Lady Lorridale przebrała się na obiad i zeszła do salonu. Hrabia wyszedł na jej spotkanie, przy nim szedł znany nam chłopczyna w czarnym aksamitnym stroju z dużym kołnierzem koronkowym. Gdy piękny ten chłopczyk zwrócił na nowoprzybyłą duże, ciemne oczy, nie mogła powstrzymać okrzyku zachwycenia i radości.
— A więc to on, Edwardzie? — rzekła do brata, uścisnąwszy jego rękę na powitanie — to ten chłopaczek, o którym tyle słyszałam?
— Tak, Konstancyo — odpowiedział hrabia z zadowoleniem — to jest lord Fautleroy — a zwracając się do Cedryka, dodał — to ciotka twoja, przywitaj ją.
— Jak się ma ciocia — rzekł chłopczyk, wyciągając rączkę do sędziwej pani ze zwykłym swoim wdzięcznym uśmiechem.

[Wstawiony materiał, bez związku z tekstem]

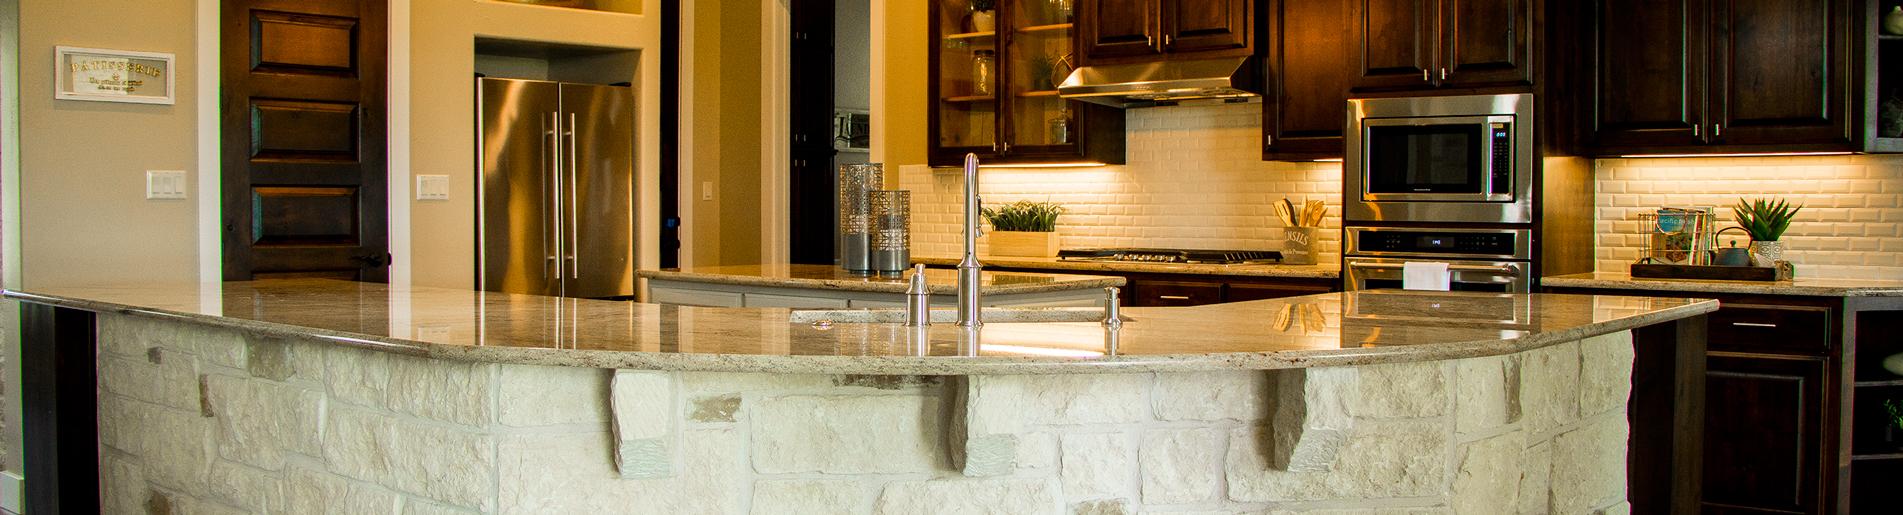 44-sta-granite-bathroom-cambria-c

Lady Lorridale potrzymała przez chwilę tę małą rączkę w swoich dłoniach, patrząc tkliwie w oczy dziecka, wreszcie wzięła je w objęcia i serdecznie, pokilkakrotnie uściskała.
— Nazywaj mnie ciocią Kostusią, chłopaczku mój miły — rzekła — ja bardzo kochałam twego ojca, a tyś podobny do niego zupełnie.
— Doprawdy? — zawołał Cedryk z radością — ja się tak cieszę, jak mi kto powie, że jestem podobny do tatki, bo jego wszyscy kochali, choć nikt zapewne nie kochał go tak, jak Kochańcia.
Strona:F. H. Burnett - Mały lord.djvu/218
Ta strona została uwierzytelniona.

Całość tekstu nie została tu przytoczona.